Родители тоже будут ждать – в Лексингтоне, они-то не будут делать вид, что не ждут. Мать вообще не хотела, чтобы я сюда ехал. Она уверяла, что я снова стану таким. Таким – то есть зацикленным на иллюзиях, что в ее системе координат означает «заблуждение, что Детройт имеет какое-то отношение» к той кутерьме, в которую я, по ее опасениям, превращаю свою жизнь.
Набираю свой домашний номер и жду. Три гудка. Четыре. Я уж было понадеялся, что Лора еще не пришла, что у «пырейного» бэнда,[5]5
Название музыкального стиля (англ.: bluegrass), зародившегося в. штате Кентукки, который в народе именуют «пырейным штатом» и в котором находятся города Луисвилл и Лексингтон.
[Закрыть] в котором она шесть вечеров в неделю играет в клубе «Секретариат», сегодня убойный концерт и как раз сейчас она лабает на бис и сценично флиртует с толпой, посылая в нее сквозь дым тот медлительно-томный смех, который исходит оттуда, куда мне не добраться, а придя домой, нажмет кнопку автоответчика, услышит мой голос и поймет, что я тут же перезвоню. Я всегда перезванивал. И я перезваниваю.
На автоответчике у нас вместо текста перед сигналом только Лорино банджо.
– Это я…
Но не успел я наговорить: «Я соскучился, прости, мне холодно, дороги разбиты, земля смерзлась и почернела», – как в эфир прорвался голос Лоры:
– Ты забыл заплатить за телефон.
– Прости.
– Прости, прости… Что еще от тебя услышишь, Мэтти.
Дальше – знакомое долгое молчание. Я слышу ее дыхание. Вижу, как она поправляет свалившуюся с плеча лямку комбинезона, ощущаю, как мне в руки сыплется имбирное печенье. Чувствую запах пива и наканифоленных струн.

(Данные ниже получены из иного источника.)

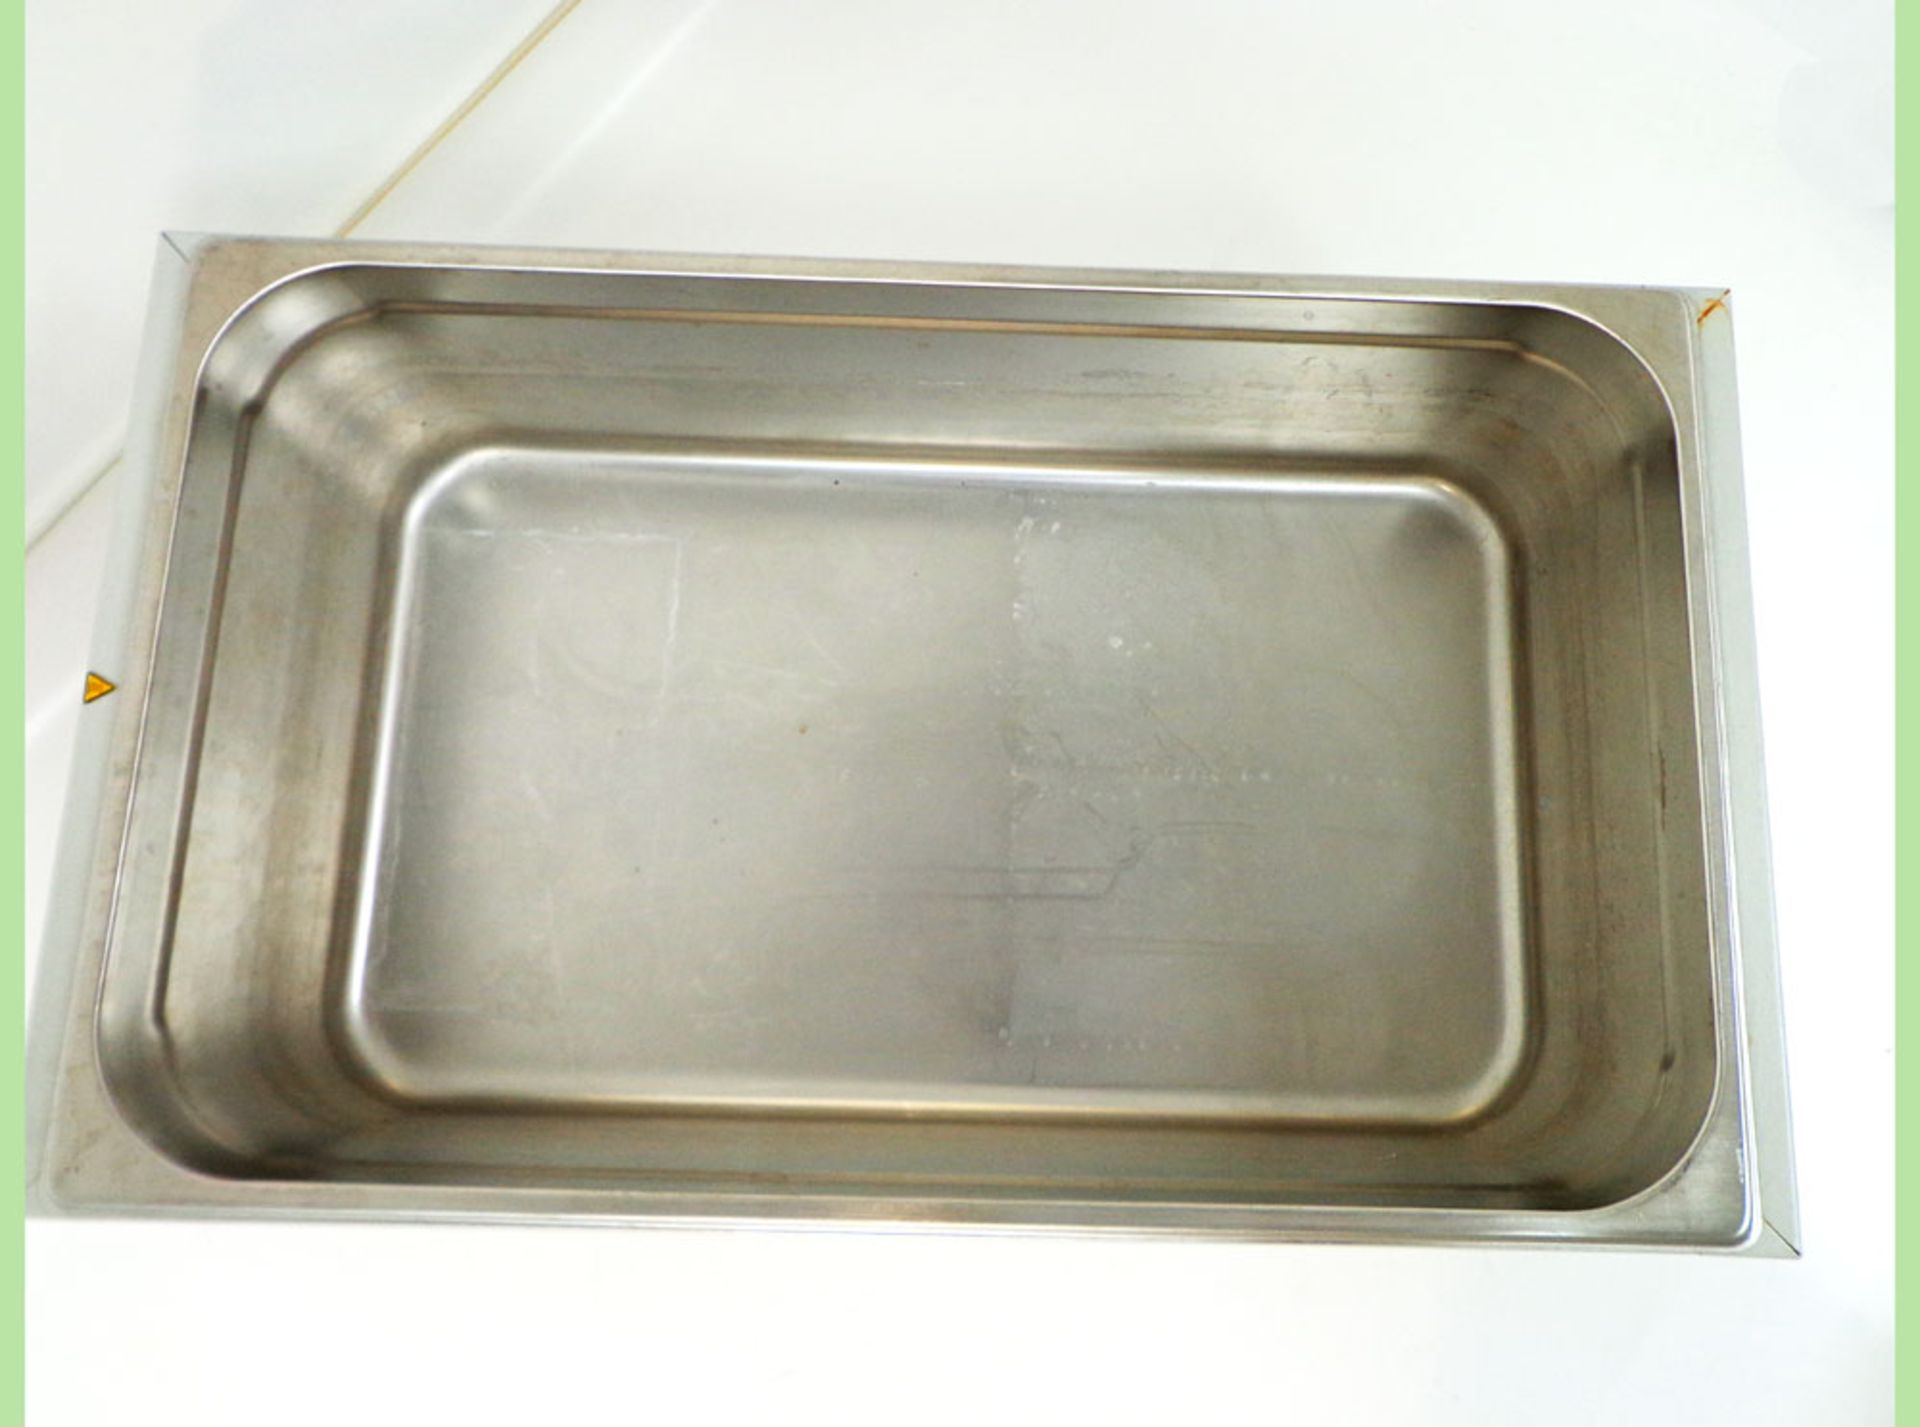 Fisher Scientific Water Bath DMU19, Without Lid, serial number 1Z0737006 (Ref: WA11843) - Image 4 of 5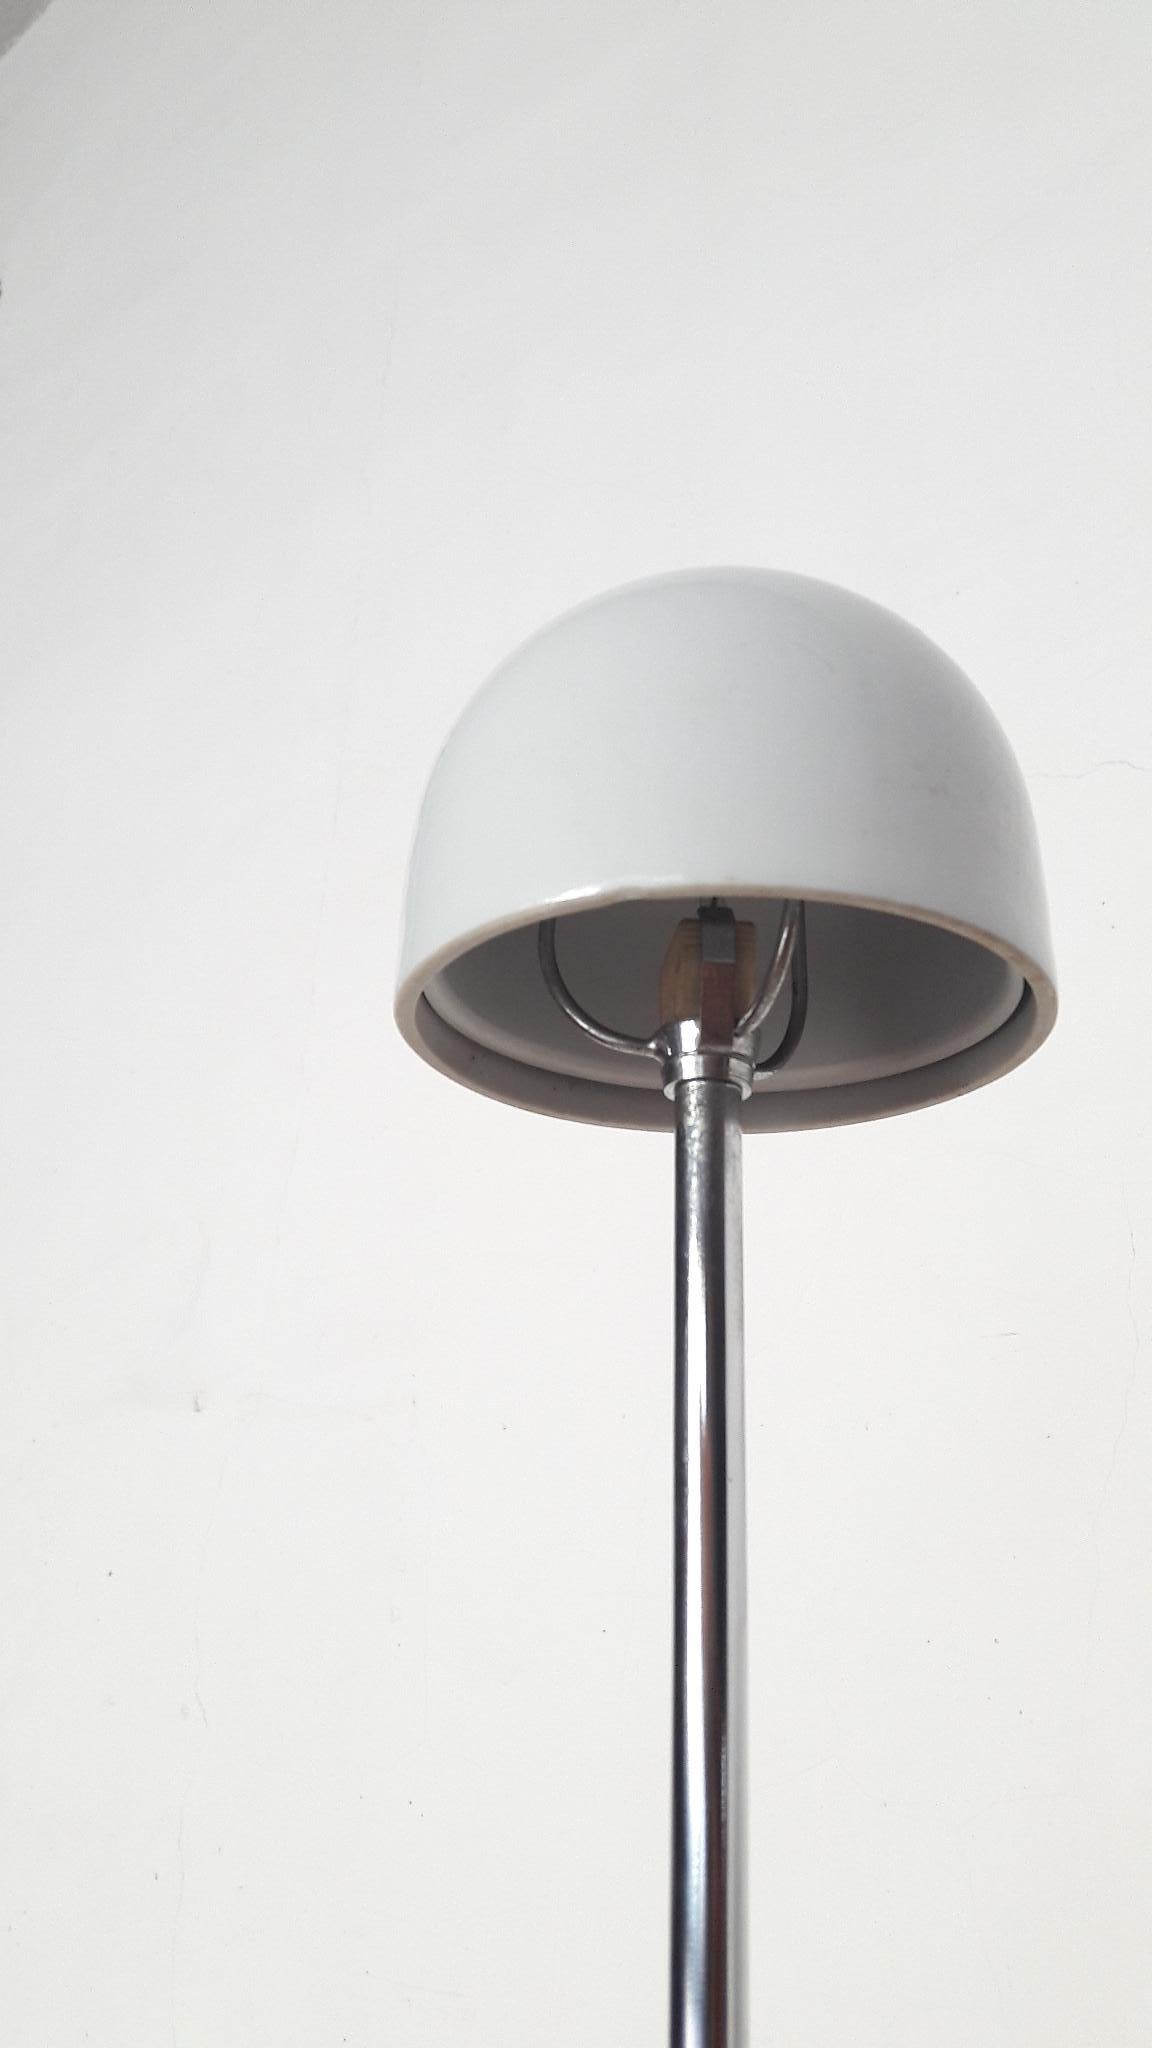 'Nemea' a very original table lamp by Vico Magistretti, designed for Artemide in 1979. The parabola-shade is generated from a conical segment template cut in half, the design plays on the relationship between the circular disk base and a very small

За тысячу миль от меня, в своей постели, в своей комнате, в своей жизни Лора начинает напевать себе под нос. «Голубую луну Кентукки». Верхнюю партию, которую она исполняет на эстраде. По телефону, в отрыве от всего, мелодия звучит жутковато, как ультразвуковой свист приближающейся летучей мыши. Я задаю какие-то вопросы о концерте и умолкаю. А потом снова принимаюсь объяснять, почему мне надо было сюда приехать, почему этот уикенд в этом городе, вдали от всех – лучший подарок, который я мог сделать себе на день рождения. Но мои объяснения звучат малоубедительно – даже для меня самого, и ни одно из них не заполняет ни пяди пустоты, стену которой мы планомерно возводили между собой в течение неполных семи лет.
– Я никогда не рассказывал тебе историю цикла «Разыскиваются»? – спрашиваю я ни с того ни с сего, но пение не прекращается, хотя я знаю, что Лора слушает. А может, она ушла и уже слишком поздно. Но я в любом случае должен ей рассказать. – Лора?
Лора все поет – о парне, бросившем девушку, – но без всякого подтекста. Такова уж природа «пырея»: в репертуаре Лоры нет ни одной песни, которая сегодня вечером не могла бы отрикошетить в меня.
Я закрываю глаза и вижу, с какой легкостью все эти бесплотные руки вылезают из тех мест, где я их похоронил, и сквозь два последних десятилетия тянутся ко мне с мольбой.